The 4th Alpine Division "Cuneense" () was a division of the Royal Italian Army during World War II, which specialized in mountain warfare. The headquarters of the division was in the city of Cuneo, and the majority of its Alpini soldiers were drafted from the surrounding Province of Cuneo - hence the division's name "Cuneense". The division participated in all Italian World War II campaigns with the exception of the North African Campaign. The division was annihilated during Operation Little Saturn by Soviet forces in January 1943.

History 
The division's lineage begins on 19 October 1933 when the 1st Alpini Regiment in Mondovì and 2nd Alpini Regiment in Cuneo left the 1st Alpine Division "Taurinense" and entered the newly raised IV Alpine Brigade in Cuneo. On 27 October 1934 the brigade changed its name to IV Superior Alpine Command, which received the name Cuneense in December of the same year (). The command received the newly formed 4th Mountain Artillery Regiment in Cuneo on 1 January 1934. 

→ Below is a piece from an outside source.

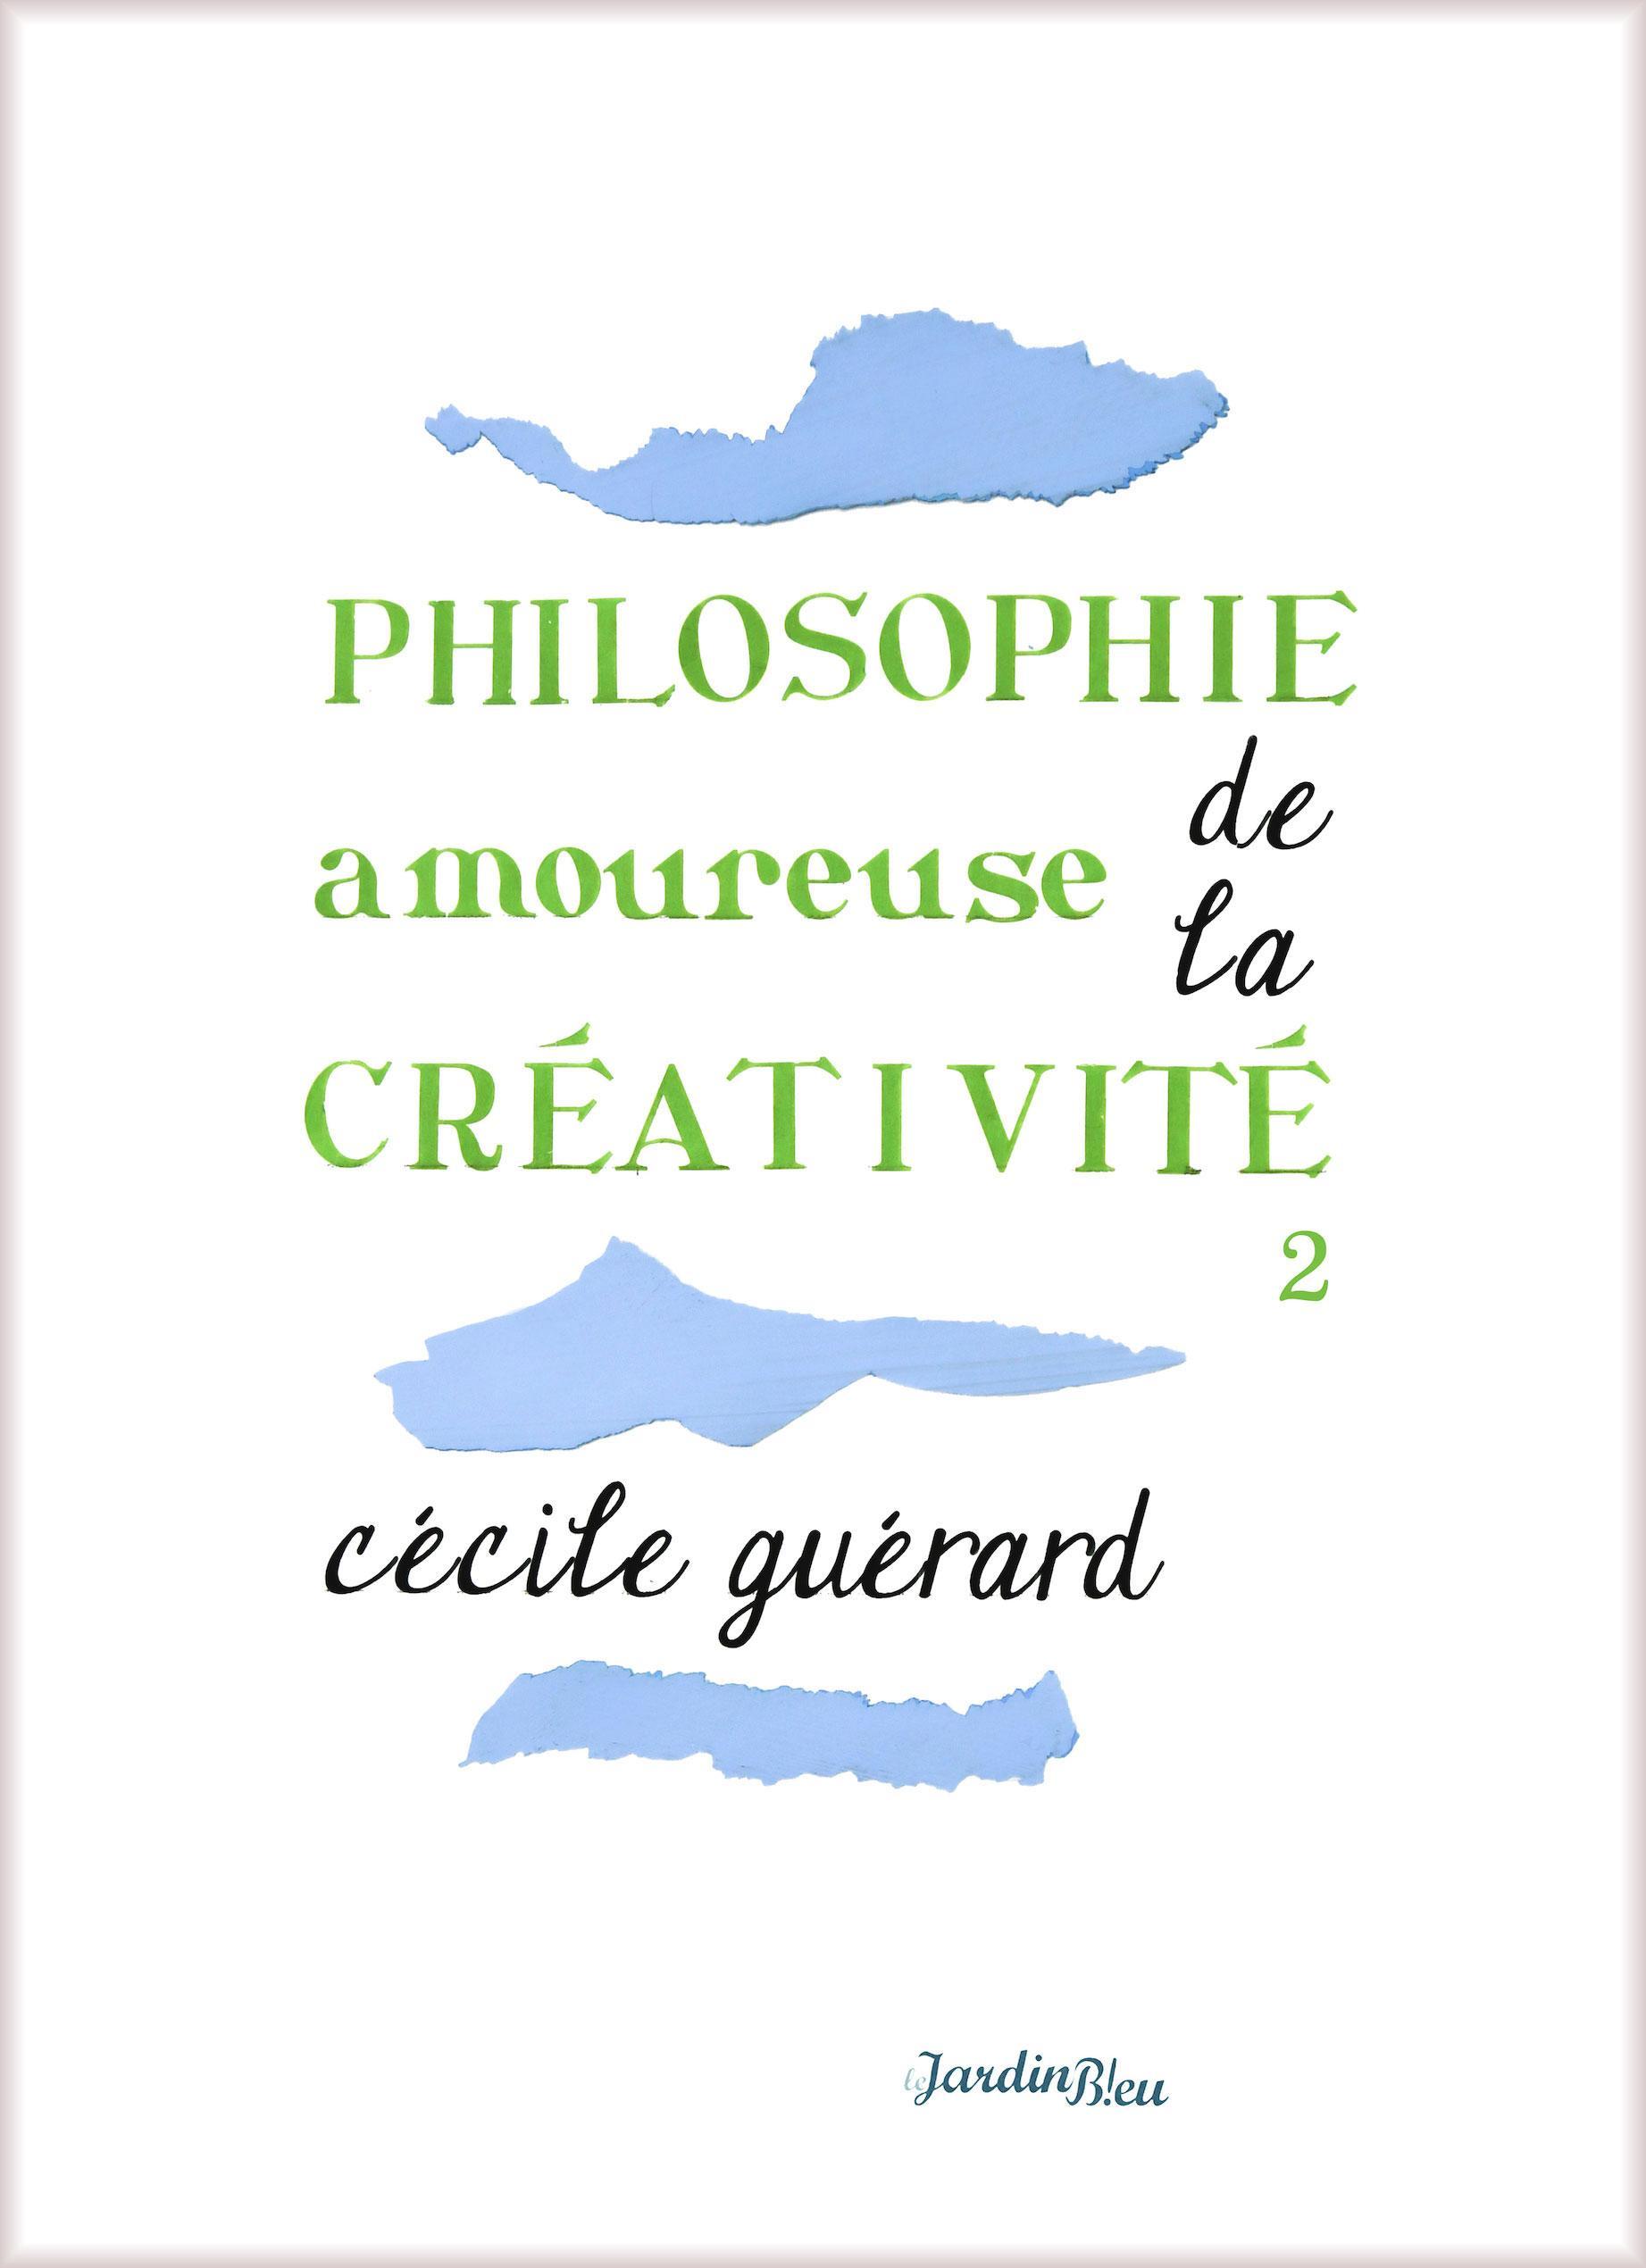 Philosophie amoureuse de la créativité, LIVRE 2 : CRÉER, C'EST SE CRÉER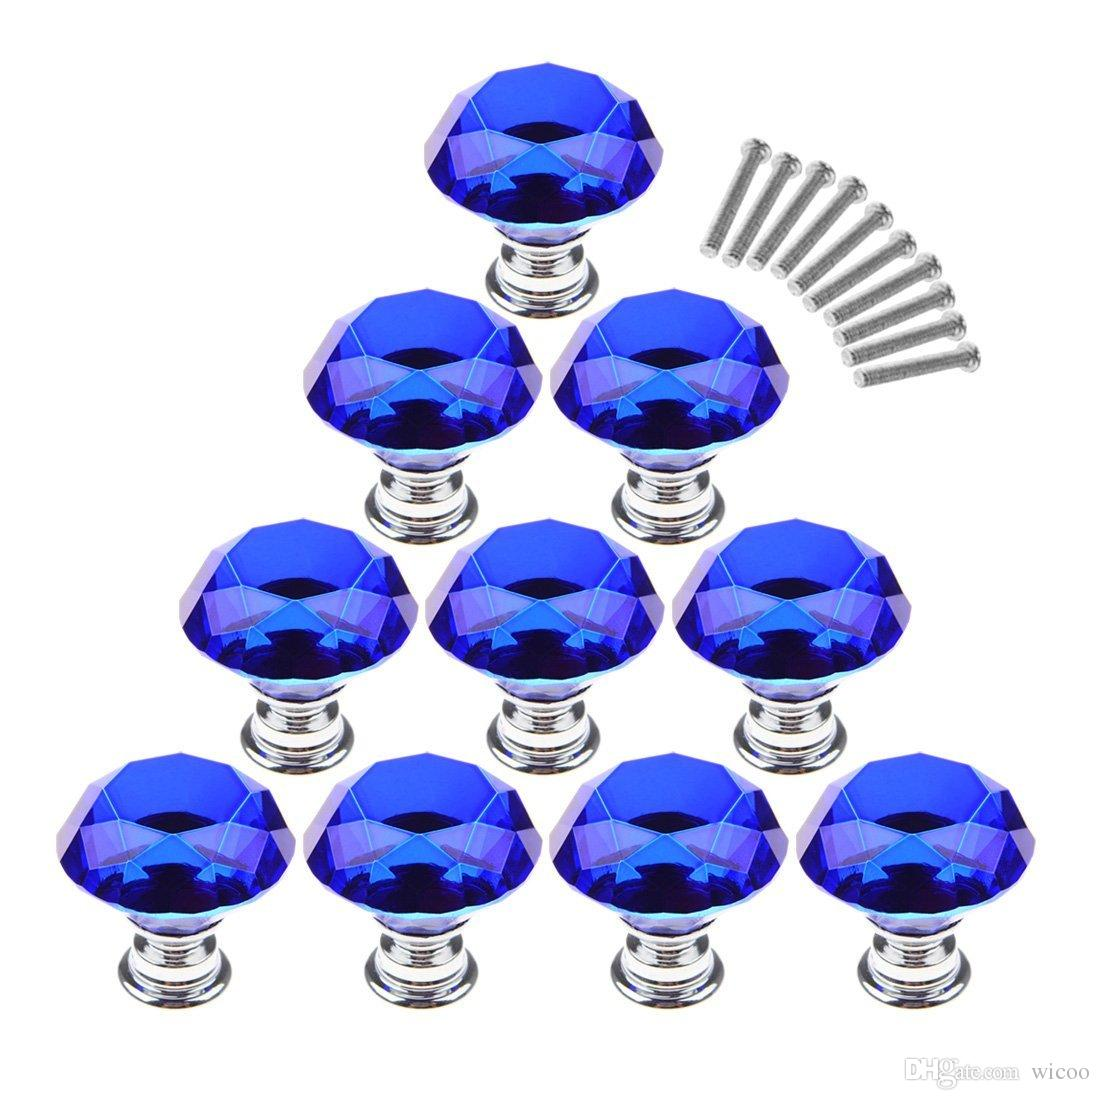 10 Pçs / set 30mm de Cristal De Diamante Forma de Vidro Do Armário Maçanetas Gaveta Do Armário Puxadores - Azul Escuro

On 31 October 1935 the IV Superior Alpine Command "Cuneense" was reformed as 4th Alpine Division "Cuneense" with the 1st and 2nd Alpini regiments and the 4th Alpine Artillery Regiment. On 25 December 1935 the Cuneense temporarily transferred its Alpini battalions "Pieve di Teco" and "Saluzzo" and one of its artillery batteries to the 5th Alpine Division "Pusteria" for the Second Italo-Ethiopian War.

World War II

Invasion of France 
The division participated in the Italian invasion of France in June 1940. On 22 June it entered French territory in the Chabriere and Mary valleys.

Greco-Italian War 
In December 1940 the division was sent as reinforcements to Albania for the Greco-Italian War. Between 15-17 December 1940 the division's units entered the front in the upper Devoll valley and inserted in 23 November the division had entered the front in the upper Devoll valley. On 18 March 1941 the division was taken out of the front and sent to Berat. At the end of March the division deployed to the Yugoslav-Albanian border for the upcoming Invasion of Yugoslavia. On 10 April the division crossed the border and advanced to Debar in Macedonia. After the war's conclusion the division returned to Italy in May 1941.

Soviet Union 
The Tridentina was one of the ten Italian divisions of the Italian Army in Russia, which fought on the Eastern Front. In July 1942 the division, together with the 2nd Alpine Division "Tridentina" and the 3rd Alpine Division "Julia" formed the Alpine Army Corps, which was transferred to Eastern Ukraine. In July 1942 the division arrived in Izium from where it marched eastwards to Millerovo and then onward to the Don river. The Italian units covered part of the left flank of the German 6th Army, which spearheaded the German summer offensive of 1942 into the city of Stalingrad.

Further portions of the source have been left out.